**
───~♪~♪
「…、」
イヤホンから流れる音楽を聞き流して、私は机の上で頬杖を付く。
遙鈴(ハルカスズ)、16歳
晴れて今日から高校二年生になる。
真ん中の一番後ろの座席は、去年とあんまり変わらない。
出席番号も去年と同じ“27番”。
1人で音楽を聴いてるのは私だけ。
それは決して友達が居ないからとかじゃない。
私達高2の学年はクラスが4つあって、去年と一緒のクラスの子達は数人程度。
だから喋り掛けようにも、去年のクラスで固まったグループがお喋りしてて、完全にアウェーになるのは目に見えてる。

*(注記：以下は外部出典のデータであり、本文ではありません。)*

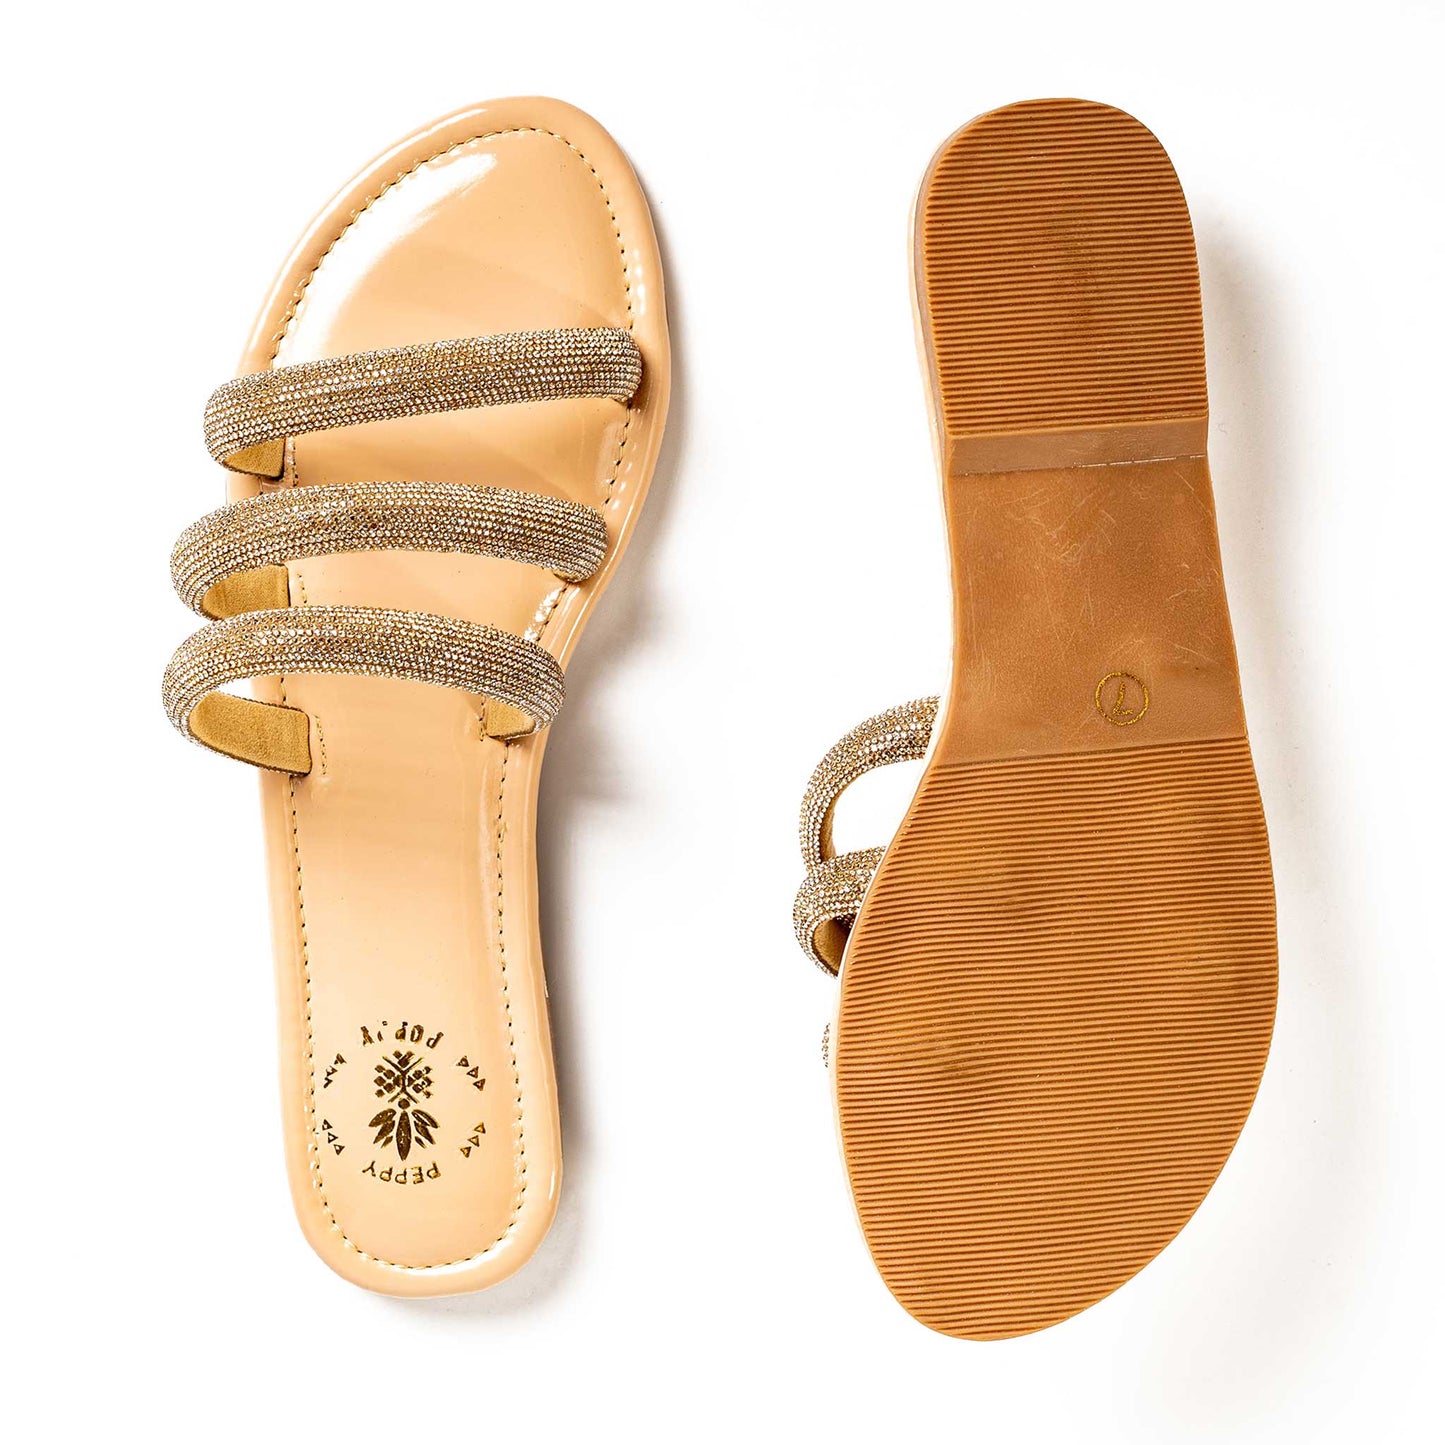 Classic Bling Sandals – Cream

だから私は、歌詞ももうとっくに覚えた音楽をボンヤリ聞き流していた。
その時、
「‥すーずーちゃんっ!」
「っ、うわ?!」
突然の大音量にキーンっ、と耳がガンガンして、私はふるふると首を振る。
突然イヤホンを引き抜かれて、大声で名前を呼ばれたのだ。
「また音楽聴いてるの?」
「‥藍ちゃん、…。」
「さっき入り口で声掛けても反応無かったから、ちょっと至近距離で叫んじゃった。‥ごめんね。」
なんて言って、フワッと女の子らしい笑みを零すのは、私の中学からの親友の近藤藍(コンドウアイ)。
ふわふわの巻き髪にくりくりの目でとっても可愛い。
けど中身は結構サバサバしていて、私としては一番付き合いやすい相手。
私はもう片方のイヤホンを外して、そんな親友に同じ様な笑顔で笑い返した。
「同じクラスだね?、今年も。」
「そうだね、私今年も鈴ちゃんと同じクラスで嬉しい。」
「私も藍ちゃんと同じで嬉しいよ。」
なんて2人で笑いあう。
ふと、藍ちゃんが隣の机を軽く叩いた。
「ねえ、そういえば鈴ちゃんの隣の席の人、誰か知ってる?」
「へ、…誰?」
「もー、相変わらず疎いんだから。」
そう呟かれて、思わず“ごめんなさい”って謝れば、藍ちゃんは“なんで謝るのよ”って小さく笑った。